• **The problem**
For this exercise, write out the full listing that follows exactly and skip its pictures.

• **Given information**
===

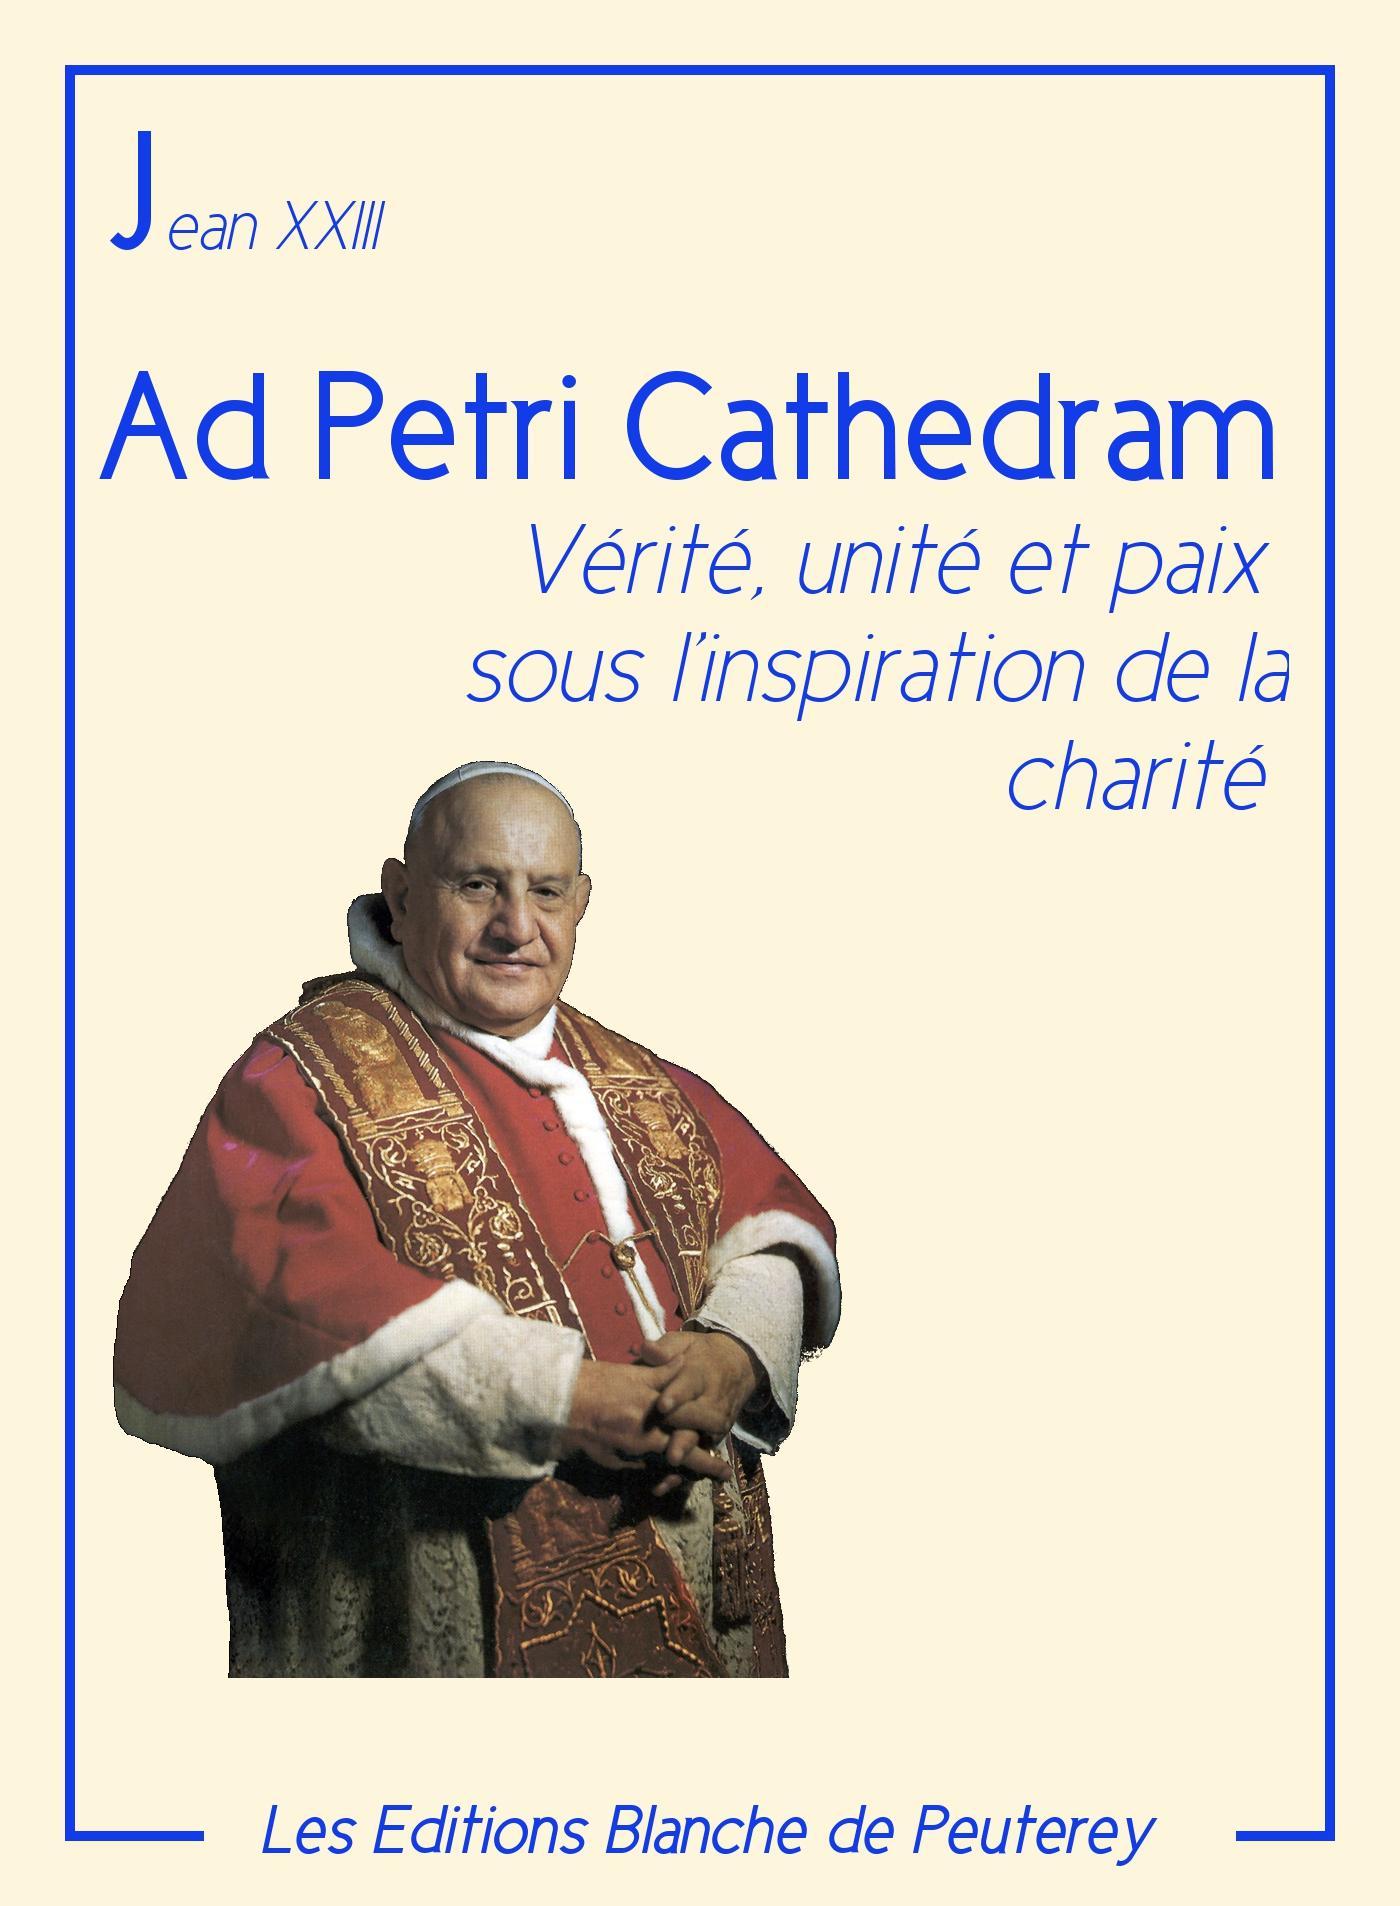 Ad Petri cathedram
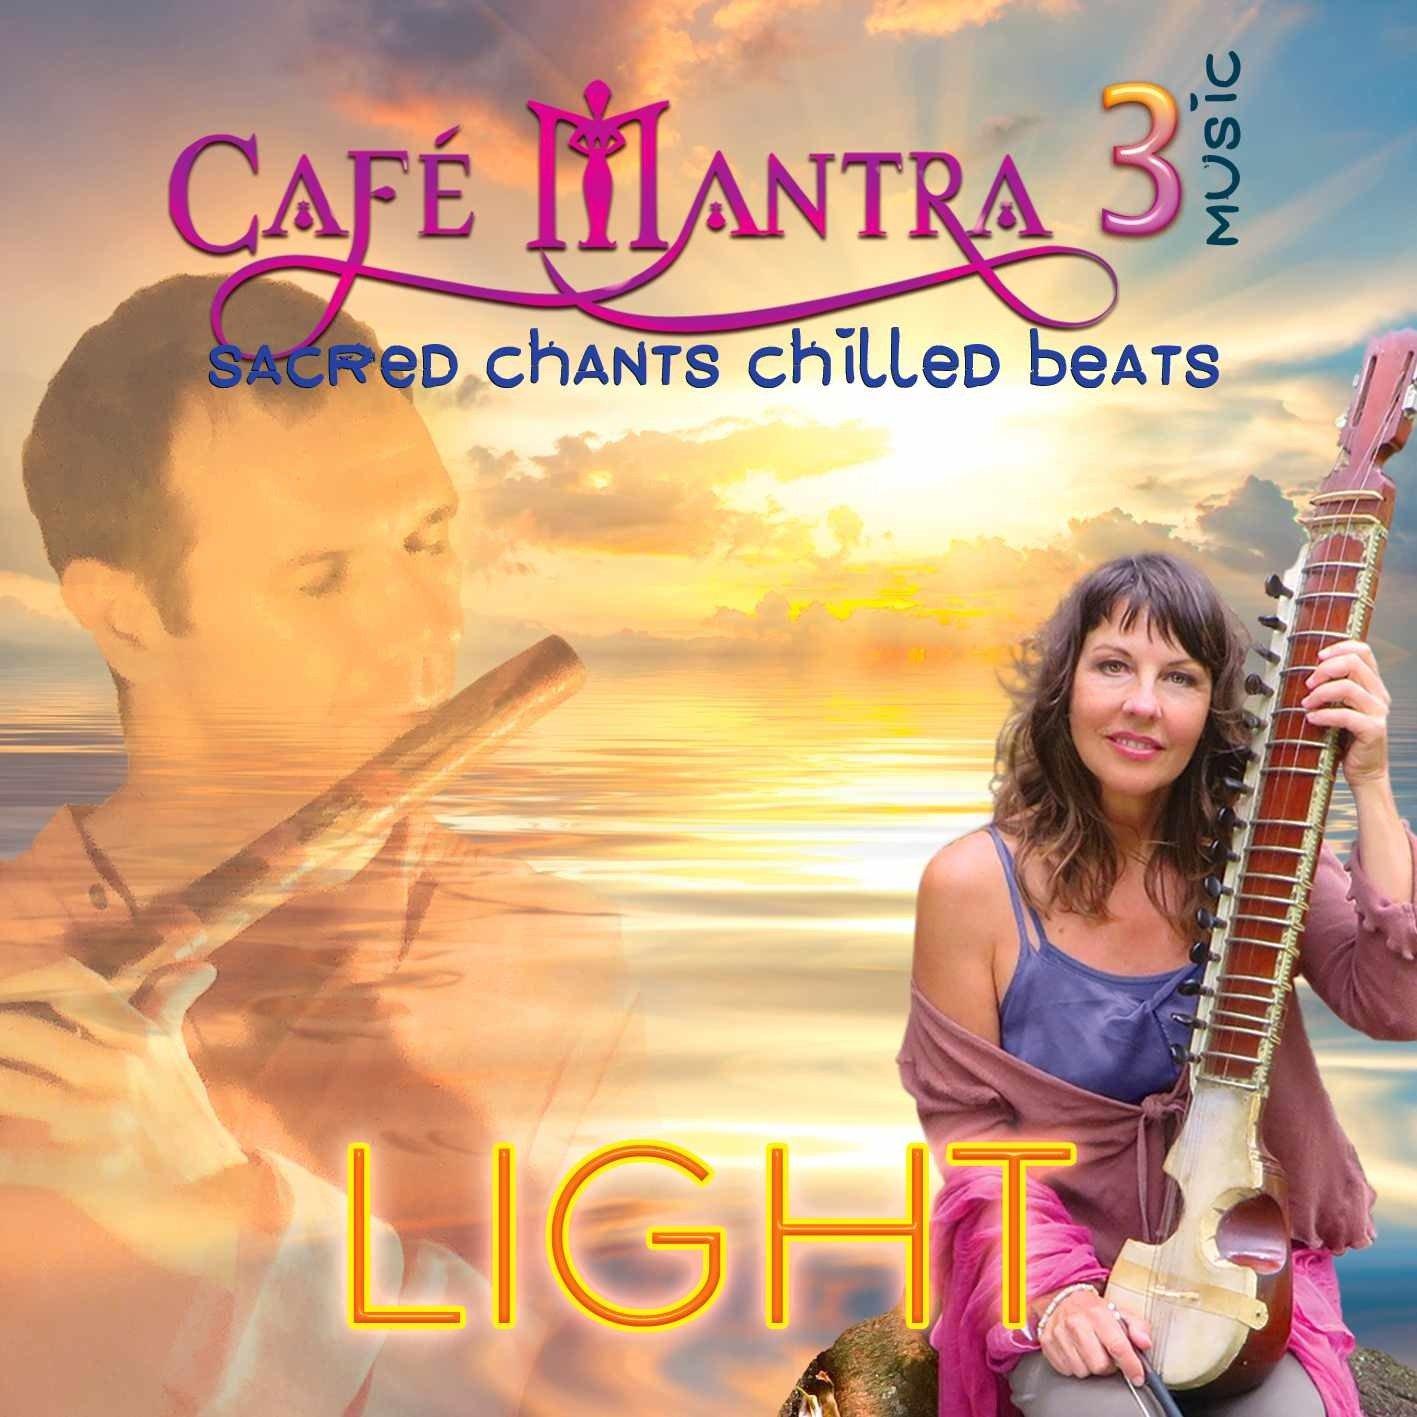 CD Cafe Mantra Music3 LIGHT
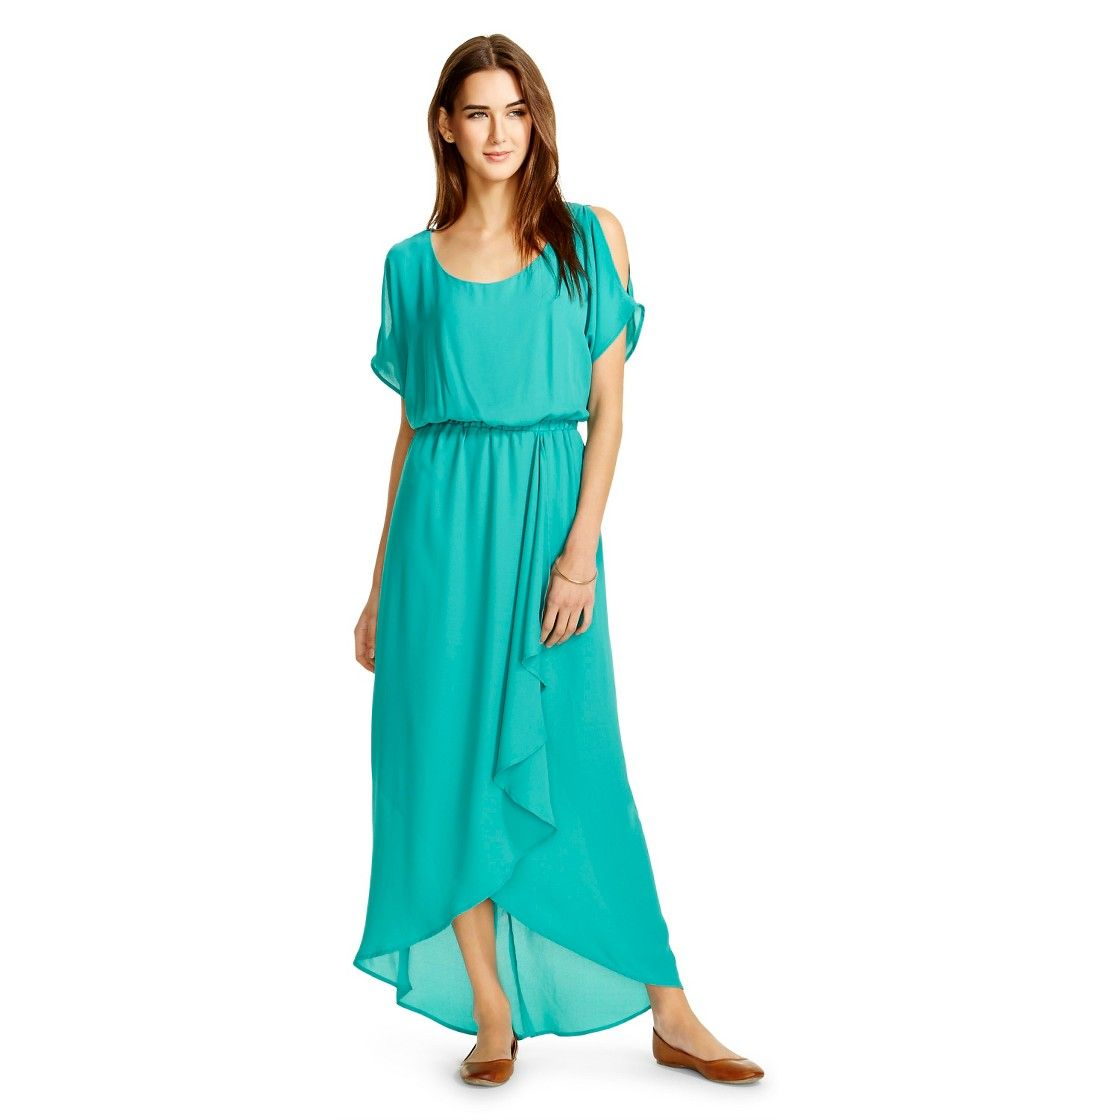 Cold Shoulder Chiffon Maxi Dress - Mossimo | My Style | Pinterest ...

===

• **Your response**
 Ad Petri cathedram
 CD Cafe Mantra Music3 LIGHT
 Cold Shoulder Chiffon Maxi Dress - Mossimo | My Style | Pinterest ...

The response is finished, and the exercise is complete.